Las protestas sociales en Chile, que ya suman veintidos mil detenidos y cientos de personas heridas con armas de fuego, entraron a su cuarta semana de movilizaciones ininterrumpidas, con la certeza casi total de que la Constitución impuesta durante la dictadura de Augusto Pinochet no sobrevivirá, tras décadas consagrando una mirada neoliberal de la sociedad y el desarrollo.
Desde el 18 de octubre, millones de chilenos salen a diario a las calles en todas las regiones, en lo que es la mayor crisis social y política del país, desde la recuperación de la democracia en 1990.
Ya van ciento ochenta querellas por torturas y un registro similar de mutilaciones oculares, producto de los disparos con perdigones, efectuados a diario por la policía, pese a que Naciones Unidas demandó detener estos ataques contra la población civil.
«Son treinta años», repiten los manifestantes en sus carteles, en alusión al largo período en que la privatización de la provisión de derechos sociales coincidió con una democracia de baja participación ciudadana y de decreciente legitimidad.
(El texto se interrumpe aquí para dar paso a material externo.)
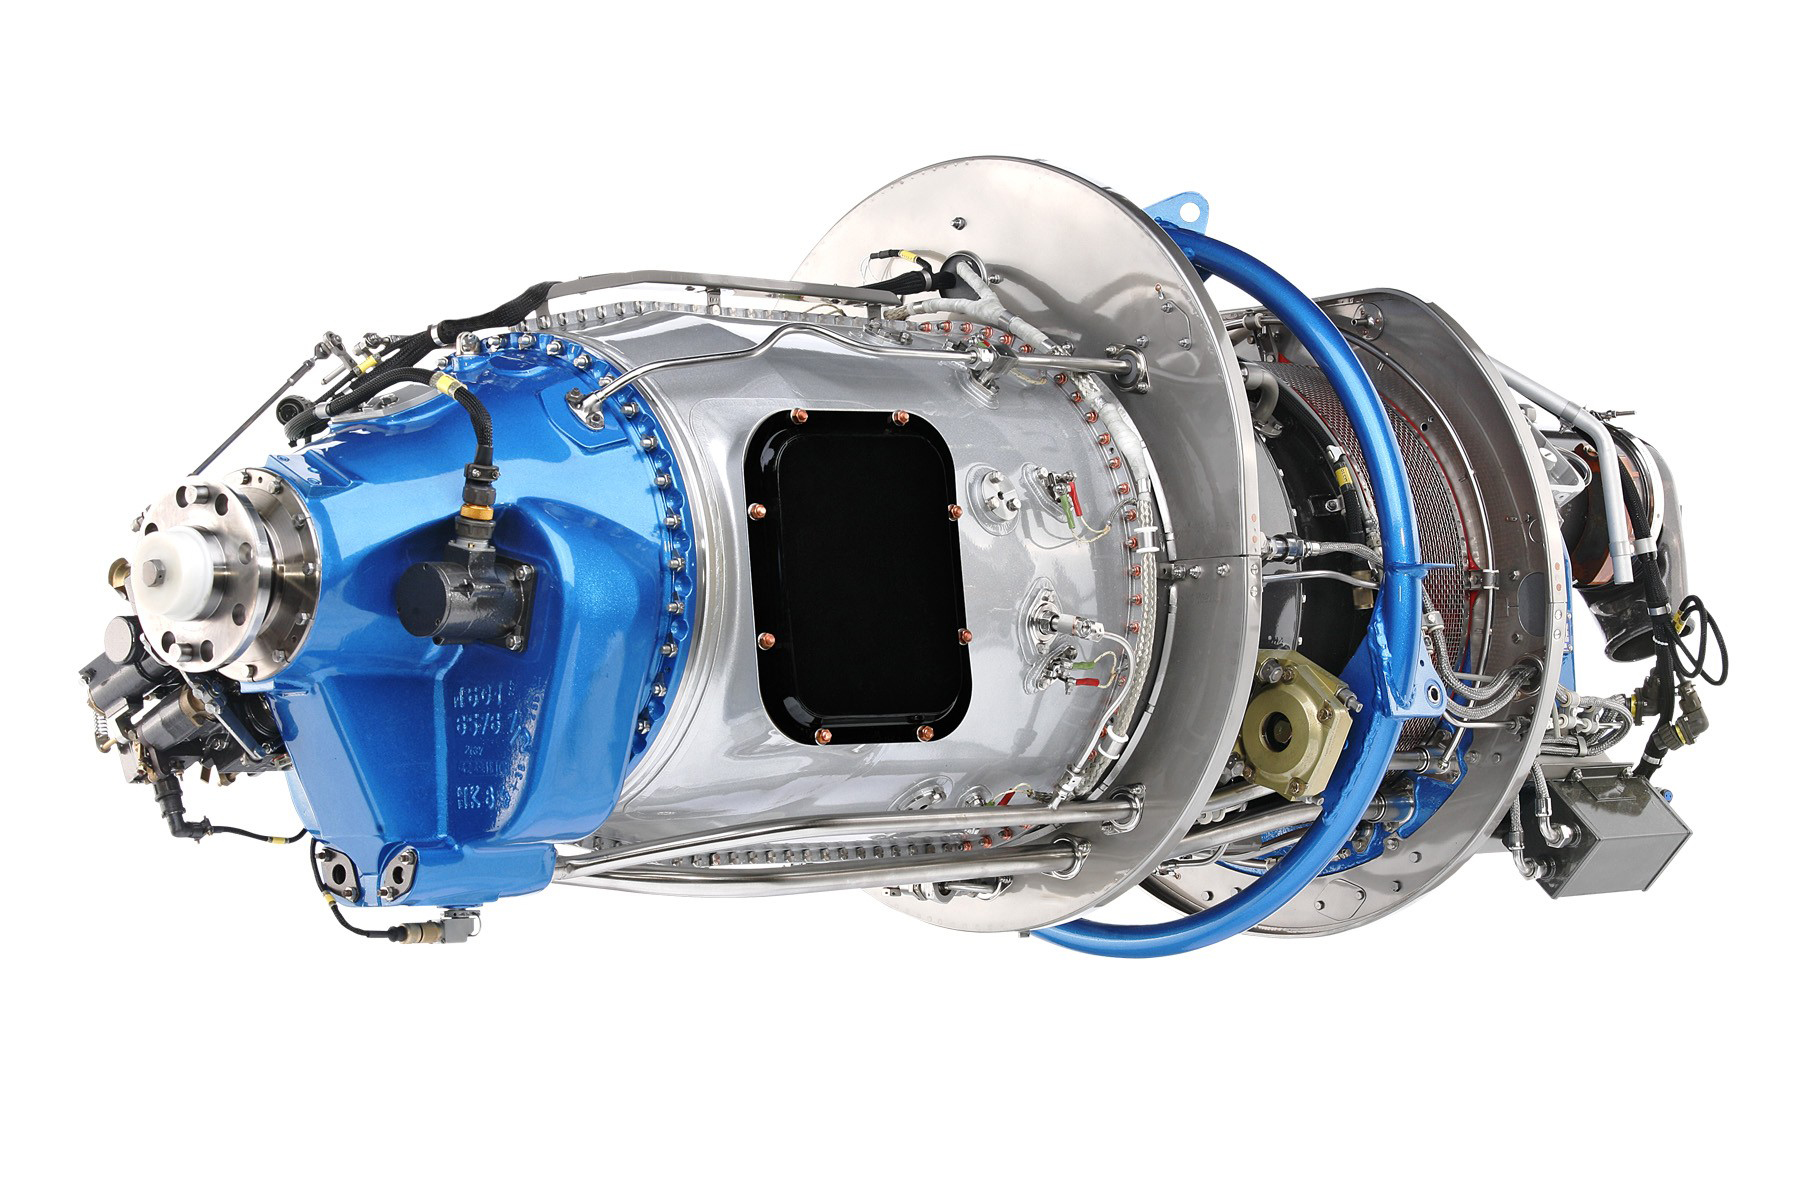 GE H Series Turboprop Engine

Hoy, según encuestas, menos del cuatro por ciento de los chilenos confía en el Congreso y/o los partidos políticos.
El estallido social, que en un inicio el gobierno pretendió acallar sacando los militares a la calle, tiene como origen la profunda desigualdad que azota Chile, luego de años de un engañoso «milagro económico». Tras las cifras de crecimiento y control inflacionario, cada vez más humildes, existe una inequidad casi sin parangón en el mundo.
El uno por ciento más rico acapara el 26,5 por ciento de los ingresos. El cincuenta por ciento de los hogares más pobres, en tanto, apenas accede a un dos por ciento de ellos.
En paralelo, el sesenta por ciento de las familias posee remuneraciones inferiores a 670 dólares, en un país donde el ingreso per cápita bordea los veinticinco mil dólares. Las pensiones promedio bordean los 290 dólares, en un país envejecido.
Alguna vez apuntada como ejemplo, esta nación sudamericana devino en estos años en un régimen cleptocrático donde una élite política y empresarial capturó el Estado y los beneficios del desarrollo, como sucedió en otros países de América latina, las últimas décadas.
Chile, sin que exista hoy una salida a la crisis que lo atraviesa, es el muro de Berlín del neoliberalismo. Todas las certezas estallaron por los aires, cuando los supuestos beneficiarios del milagro neoliberal salieron a exigir el fin de los abusos y de la Constitución que los ampara.
Cuando el alza en treinta pesos (apenas unos centavos de dólar) del tren subterráneo colmó la paciencia de millones en la capital, en un grito que luego se extendió a regiones y otras demandas, más estructurales.
El presidente Sebastián Piñera, que inicialmente dijo estar «en guerra contra un enemigo muy poderoso», tiene menos del diez por ciento de apoyo y ya se levantan voces que piden elecciones generales, como primer paso para avanzar en un proceso constituyente, aún incierto.
En las calles, la gente marcha y debate en cabildos auto convocados, sin que hasta ahora exista una fecha de término a un conflicto que ya derrumbó la economía. Y que por ahora tiene como principal consecuencia la derrota moral del régimen neoliberal.
El acuerdo de la élite política para allanar el camino a una nueva Constitución parece incluso un trámite tardío, que sólo rubrica un consenso expresado en las calles, con una fuerza inédita en la historia reciente del país.